Site 18CH736 contains multiple prehistoric short-term camps dating to the Late Archaic and Late Woodland periods. The site is situated in a wooded setting on a high terrace above an unnamed tributary of Mattawoman Creek in Charles County.

Archaeological Investigations

This site was originally recorded by GAI Consultants, Inc. during an extensive Phase I survey of a pipeline right-of-way (ROW) on behalf of Dominion Cove Point LNG in 2004. The site consisted of a 70m x 20m artifact scatter. Nine positive shovel tests were excavated on the site. Artifacts were recovered from the A and E horizons. They included 27 quartz and quartzite lithic flakes, two fire-cracked rocks, and one quartzite biface fragment. The modest artifact assemblage suggested one or several prehistoric encampments.

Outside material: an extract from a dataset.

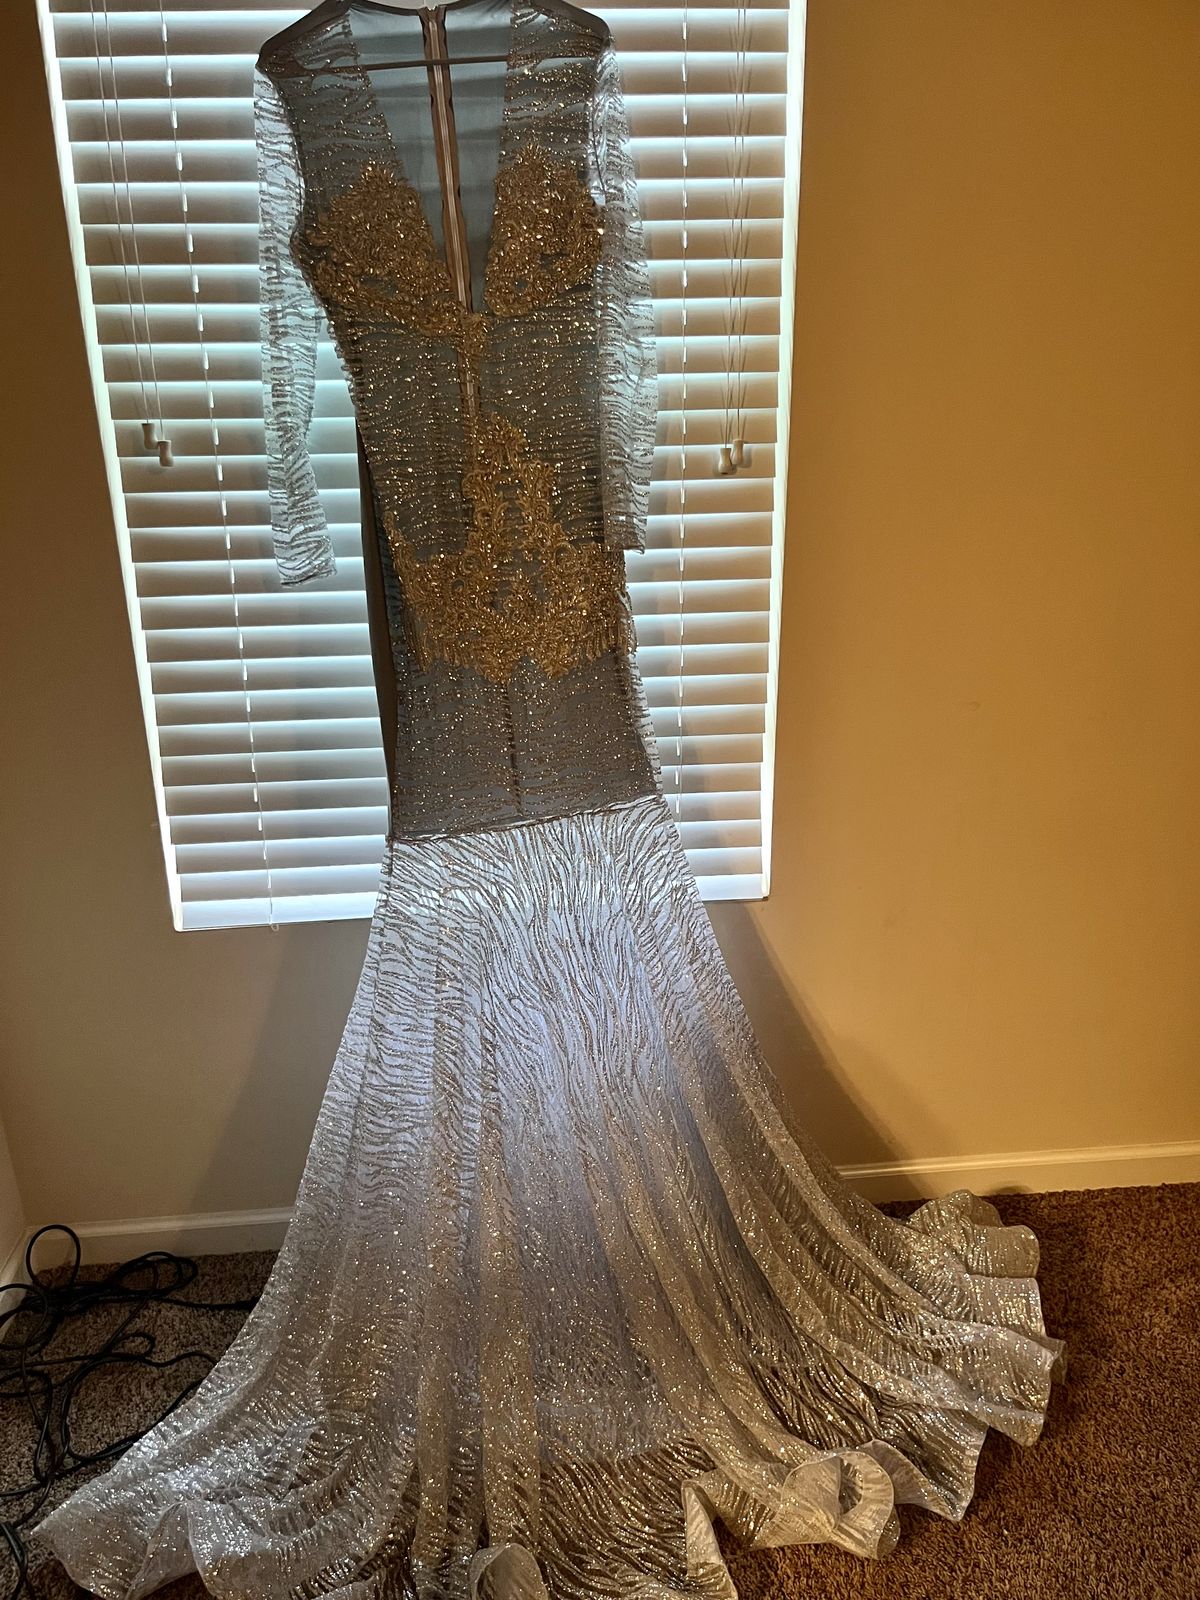 Size 8 Silver Mermaid Dress on Queenly

In April-May 2005, GAI conducted Phase II investigations on the site, consisting of 5m-interval shovel testing and test unit excavations. Based on Phase II testing, the site boundaries were expanded to 85m x 50m (279' x 164').

In May 2005, Dominion proposed rerouting a portion of the pipeline. The proposed Rainbow Reroute lies south of and partly overlaps the previously-tested proposed project ROW in the vicinity of the site. GAI conducted additional Phase I investigations of previously-untested portions of the project area within the Rainbow Reroute ROW. This work consisted of excavating three transects of systematic 15m-interval shovel test pits, followed by radial shovel testing, for a total of 65 STPS. Of these, 25 were positive, producing 54 prehistoric lithic artifacts (50 debitage, 1 core, and 3 FCR). No diagnostic artifacts were recovered and no cultural features were identified.

Additional Phase I shovel testing resulted in the expansion of the site boundary to the south and east for total site dimensions of 130m x 80m (427' x 263'). The portion of the site located within the Rainbow Reroute measures 130m x 50m (427' x 164').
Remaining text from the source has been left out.